Anche a Noto migliaia di fedeli per il rito dell´apertura presieduto da Mons. Antonio Staglianò. La comunità diocesana si è ritrovata per questo momento significativo che mette al centro la misericordia di Dio offerta in Cristo ad ogni uomo, con l´impegno di tutta la Chiesa di incarnare in mezzo agli uomini l´amore cristiano, attraverso il Vangelo. Da tutti i dodici comuni della diocesi presenze numerose di fedeli che non hanno voluto mancare all´appuntamento. Il vescovo, Mons. Antonio Staglianò, ha officiato la solenne concelebrazione in Cattedrale.

Il rito dell´apertura si ripeterà lunedì alle 18.30 a Modica quando il vescovo Mons. Staglianò aprirà la Porta Santa della Basilica della Madonna delle Grazie, scelta per vivere il Giubileo e lucrare le indulgenze. La Comunità cristiana, con i sacerdoti e le religiose, si radunerà alle ore 18,30 nella chiesa del Carmine in Piazza Matteotti. Sarà letta la Bolla d’indizione del Giubileo e proclamato un brano del Vangelo. Muoverà quindi la processione penitenziale alla volta del Santuario. Giunti davanti alla Basilica il Vescovo aprirà la Porta Santa e nella chiesa, completamente vuota, entrerà il Vescovo portando l’Evangeliario e a seguire il Popolo di Dio. Seguirà una solenne Concelebrazione, dopo aver fatto memoria del Battesimo.
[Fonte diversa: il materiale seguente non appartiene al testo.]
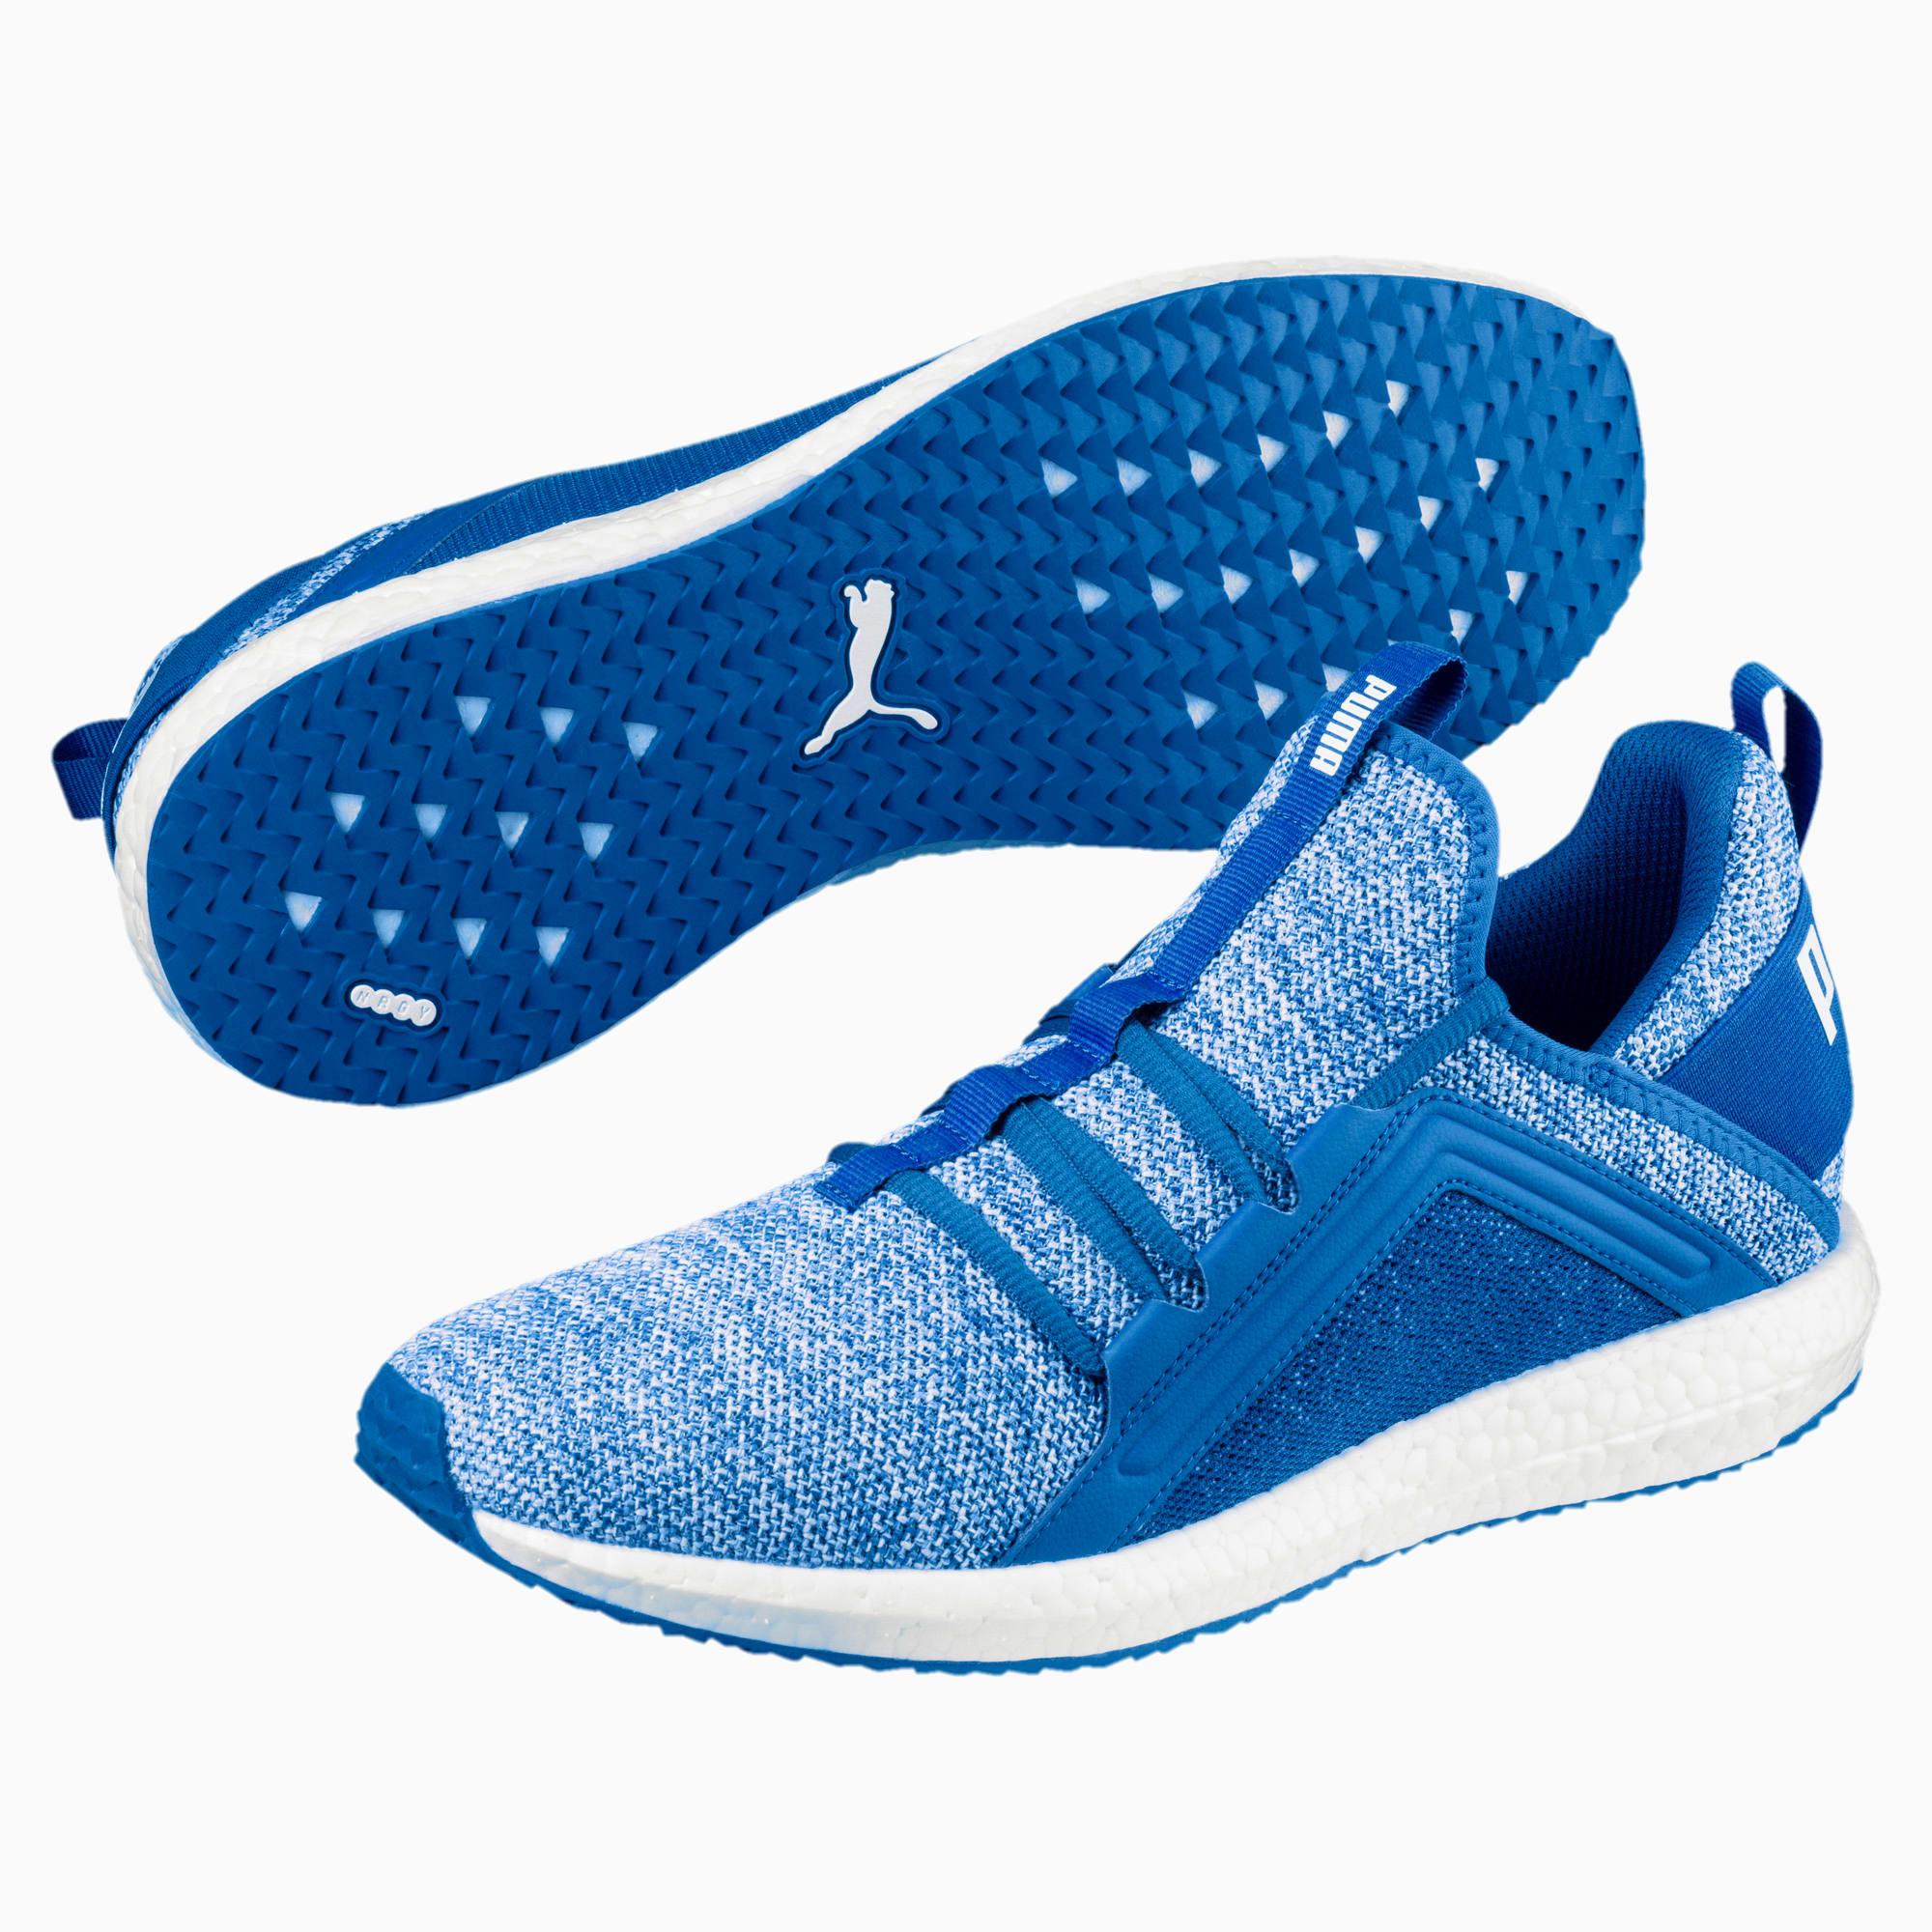 Mega NRGY Knit Men's Running Shoes

Ma non ci saranno solo le chiese delle cattedrali o del vicariato per Modica ad aprire perchè nella diocesi di Noto ci saranno porte sante come quelle del Boccone del Povero di Modica, delle Camilliane di Ispica, del Convento del Rosario di Scicli, la Mensa San Vincenzo de’ Paoli di Avola, maturata come prolungamento della mensa eucaristica. La Porta santa che si apre al Centro Agape di Pachino (rimando ai Piccoli fratelli di Modica, a Shalom di Scicli, ai Superabili di Avola) diventa proposta di percorsi di cammino comune con i diversamente abili abbattendo barriere e pensando al «dopo», quando vengono a mancare le famiglie. Ancora alla Casa don Puglisi di Modica, mentre la Casa Tobia di Noto offre vie di misericordia nel ricordo di Mons. Nicolosi e nella semplicità dei piccoli del Vangelo che la abitano. Sulla città si apre lo sguardo della misericordia con la Porta santa del cantiere educativo «La fontana del villaggio» di Pozzallo per ritrovarne l’anima, come amava dire La Pira. E a Rosolini sono le strade l’attenzione.